Amid all of this research activity, the Civil War course cluster has also been busy in other arenas, coordinating the exhibit “Visualizing Uncle Tom, for instance, and funding lectures from distinguished visiting speakers. Last year’s lineup included Clemson University English professor (and Stowe expert) Susanna Ashton, who also consulted on Randall’s Stowe House project, as well as the University of Maryland’s Robert Levine, who spoke about Frederick Douglass and Abraham Lincoln in Bowdoin’s annual Russwurm Lecture. Next spring’s Russwurm lecturer will be Craig S. Wilder of MIT, whose research explores themes of slavery and Ivy League colleges.

And then, of course, there are the courses themselves, the heart of the interdisciplinary course cluster initiative. Following the great success of a new team-taught course last spring, “Uncle Tom and Its Afterlife,”  Chakkalakal recently held a workshop to put together an even more collaborative course to introduce the cluster: “Reconstruction and Reunion,” offered for the first time next spring, drawing from the disciplines of history, English, Africana studies, and art history. “It’s a gateway course to give students an introduction to exploring the Civil War and its aftermath through all of these different lenses,” Chakkalakal said.

This replaces two separate courses on the Reconstruction taught by Chakkalakal and Rael in their respective departments, one from a literary perspective and the other from a historical one. “We’ve dismantled these classes for a while, so that we can bring the different disciplines together and teach this period of American history and literature more effectively,” Chakkalakal said. Meanwhile, the cluster continues to offer a range of courses within individual departments: this fall Rael is teaching a history course called “Antislavery” as well as an overview of Civil War history, and Chakkalakal is teaching “Literature of the Civil War Era.”

“What we’d like to do is move students through in a linear way throughout their four years, where they take the gateway during their first or second year, choose additional courses, and bring things together in some kind of independent research their senior year,” Chakkalakal said.

In the new gateway course, Chakkalakal and Rael will each teach sections of the course, while art historian Byrd will contribute a segment on the homes of the Reconstruction. Goodyear will teach a module on how to curate an exhibit on the Civil War, and Lindemann will teach a component about Civil War archives.

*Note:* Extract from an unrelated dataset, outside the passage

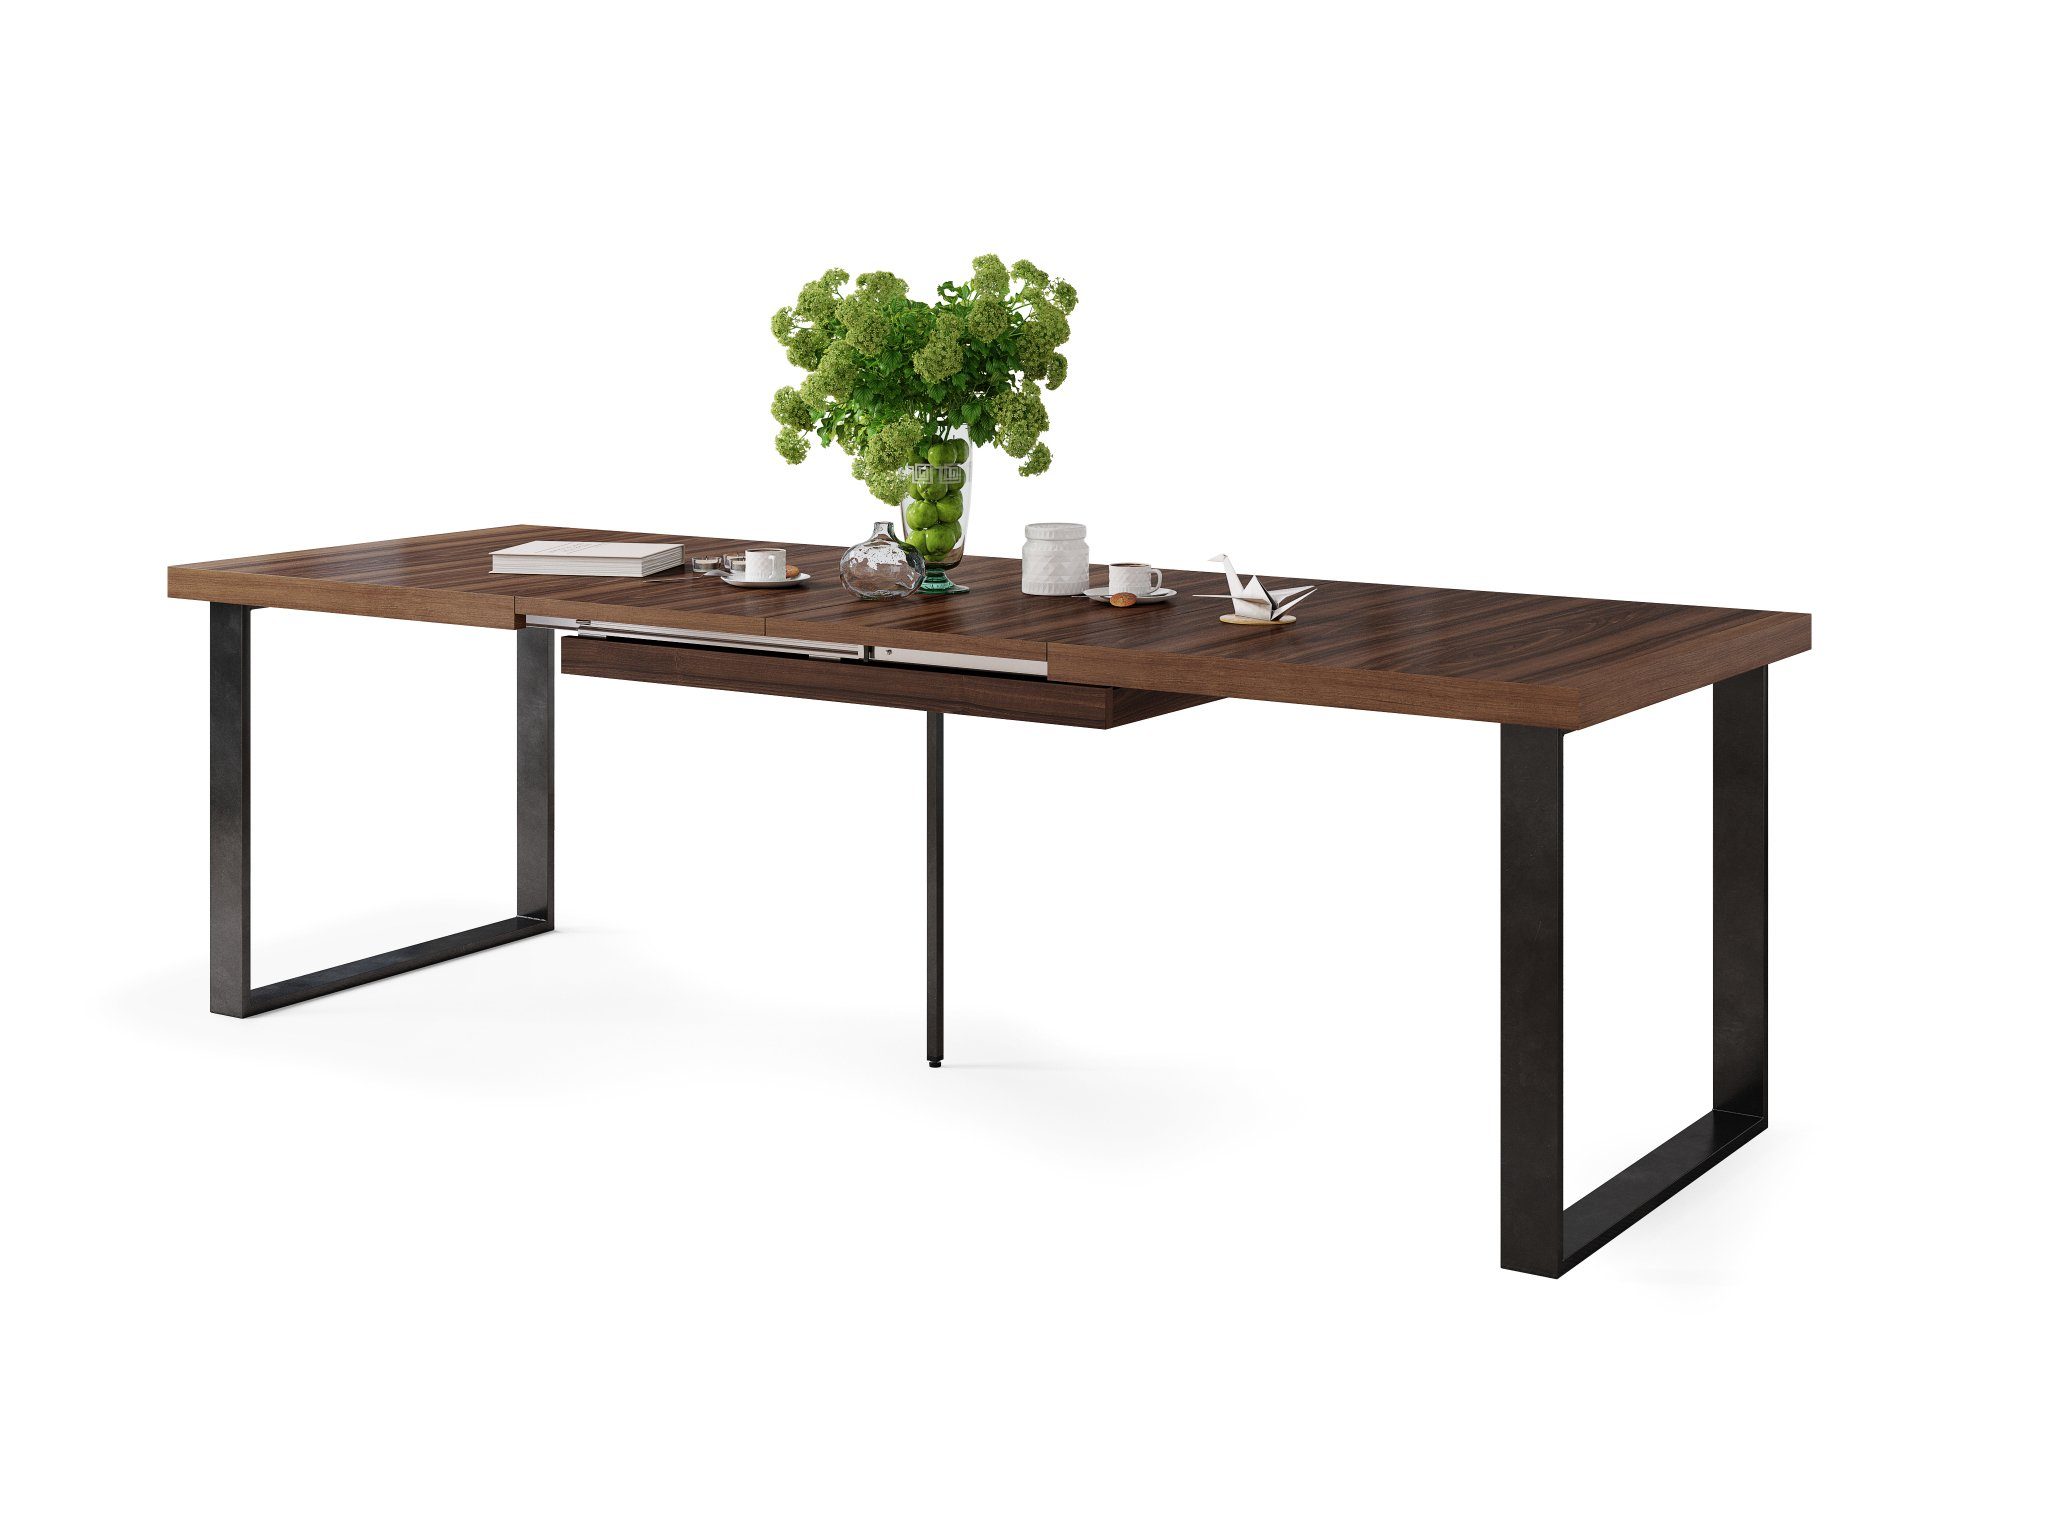 Mazzoni Esstisch Design Esstisch Avella bis Nussbaum cm 160 Tisch matt ausziehbar - 310 Schwarz

“The cluster is allowing us to really grapple with these thorny issues related to the history, literature, art, and visual culture of the Civil War, in more accurate ways than I think we have been doing,” Chakkalakal said. “It enables us to bring our different sides of the story together and put them into conversation: there are so many sides to telling this story, and we want students to walk away with more than just one side. We want them to be able to challenge, debate, and express a diversity of opinions effectively around different topics related to the Civil War. We want to to broaden and deepen their understanding of this moment in American history.”